Yapılmaması gerekenleri yapıyorsun, onun yeri orası değil. Bazen evet, sıkıntı veya ruh darlığına düşer insan, geçmişini değiştirmek ister ve yaşanmışlığını göz yaşıyla temizler ama yapılmaması gerekenleri yapıyorsun, onun yeri orası değil.

Geride bıraktığım insanların yerine yenilerini buldum, aslında biliyor musun; şu an konuştuğum sen, başkasının yerine koyduğum sensin. ve Öncende; kimin olduğunu, onun ne yaptığını ve neyim olduğunu bilmiyorsun. Sahi, bu durum bir şeyi değiştirir mi? Tanrı'ya yemin ederimki, sen daha iyisisin, seni seviyorum.
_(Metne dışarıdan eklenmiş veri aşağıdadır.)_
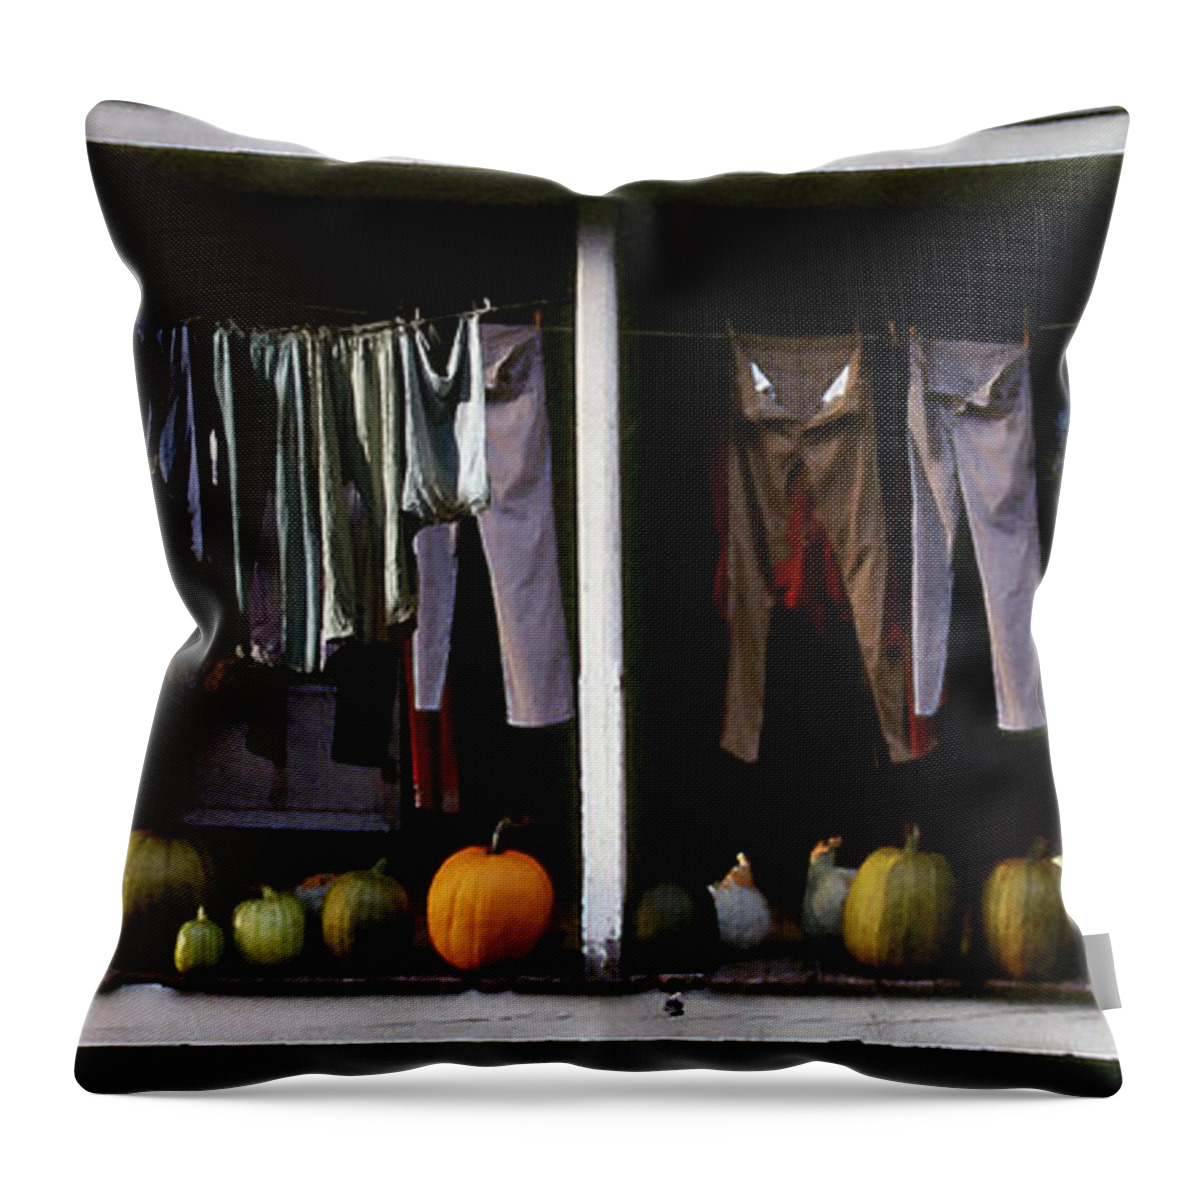 Porch Throw Pillow featuring the photograph The Country Porch by Wayne King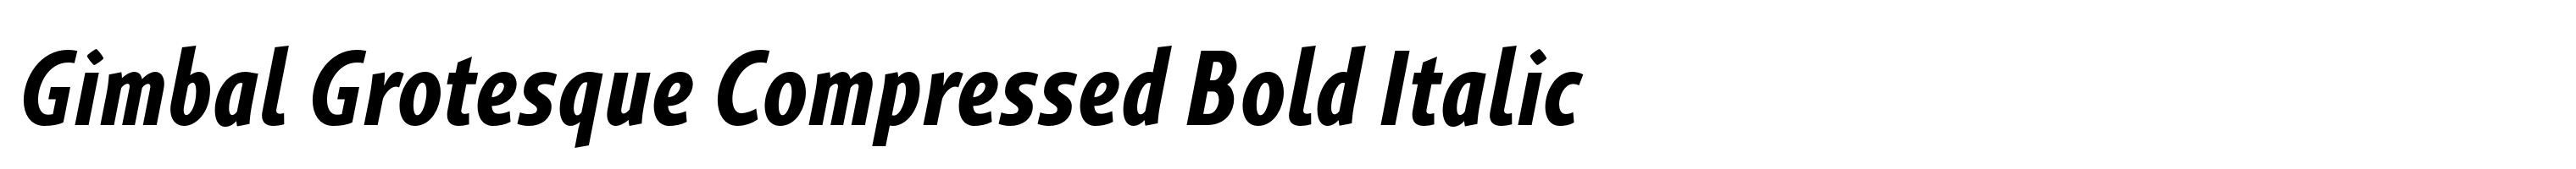 Gimbal Grotesque Compressed Bold Italic

Ağlamadığımız hiç bir şey gerçek değildir. Bunu hiç düşünmediniz, öyle değil mi? Hayır, ağladığınızı zannettiğiniz zamanlar ağlamadığınızın hepimiz farkındayız, aşağılanmanız gerekirken, onun yerine ağladığınızda, aslında ağlamamanız gerektiğini farkedeceksiniz. Çünkü biz, her şeyin farkındayız. Ağladığımız şeylerin gerçekliğini ispat etmemizi isterseniz; hıçkırıklarımızı dinleyin.

Zeus'a tapan Tanrıları anlamak mümkün değil. Onları anlayamıyorum, bir Tanrı züppe bir 'Tanrı Üstü'ne niye inanır ki? Tanrı Üstü olanların Tanrı'lara gönderdiği dinler arasındaki en değerlisi; Adalet'tir. ve Tanrıların bir çoğu ve Zeus; bulunduğu yeri haketmiyor.

...

Kaybedilen zamanlarımızı özlüyoruz. ve Kaybettiklerimizi. En yalnız zamanlarımızda düşlediğimiz kişiye taptığımızın henüz farkında değiliz. Yeniler, farklılar, sahip olduğumuz zamanlar... Aslına bakarsanız; özgür olabiliriz. Herşeyi kaybettiğimizde ve terkettiğimizde ya da herşey bizi reddettiğinde; özgür olabiliriz. ve Evet, eksik kalan boş yerlere koymamız gereken tek şeyin aslında özgürlük olduğunu anladığımızda; kaybettiğimiz şeyler arasında yerine koyamayacağımız tek şeyi hatırlarız; zaman. ve Kaybedilen zamanlarımızı özleriz.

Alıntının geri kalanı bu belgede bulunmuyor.